Should the “data” directory structure mirror that used by the Lesson 1 notebook?
How many images from the “train” folder (downloaded from kaggle) should be used/moved into the “valid” folder?
When we move X number of images from “train” to “valid”, do we need to randomly move X number of images or can/should we move the first X number of images?
i usually use 10%-30% for the cross validation set.
i always use a random subset. the advantage being you can train multiple models with different splits to make sure your model is predicting stable results. but technically the first x also creates a random set.
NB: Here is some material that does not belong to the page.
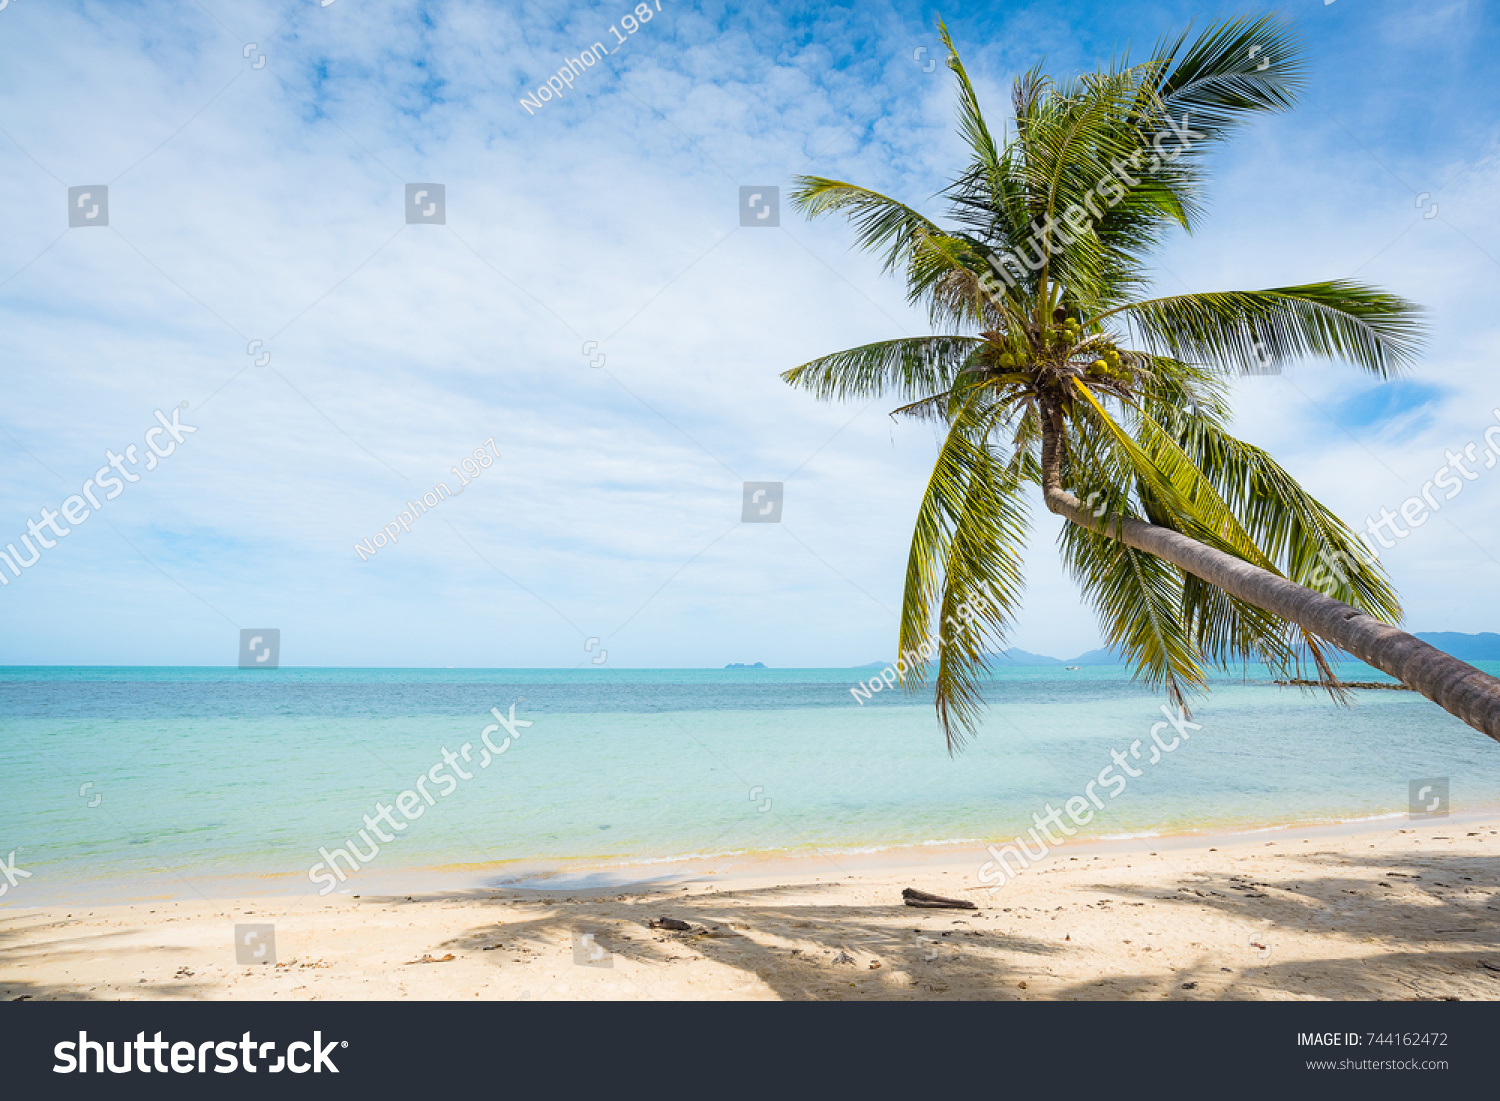 Coconut trees stretch into the sea #744162472

I’m not sure how much randomly moving X number of train/cats and train/dogs to the valid/ subdirs really matter for this exercise, but as a general rule of thumb, doing a random selection is a best practice since doing a simple top x but introduce some bias depending on how the data is structured.
I’ve written a python script that will setup the keras directory structure for you, download classes of images from imagenet and then randomly apportion the class images into the directories keras is expecting.
you want the lemonsorlimes.py file. if you run it as-is then it will download 2 classes of images, lemons and limes.
you can specify how many sample images (default 100), how many validation images (default 10%) and how many training images (default 60%) to use. The rest are used for testing your model.
if you just want the directory structure then call:
makekerasdirectories("some/directory/", ["lemons", "limes"])
it’s my first python script so be gentle
@toby Thank you. Your script will help. I was thinking of writing a similar script.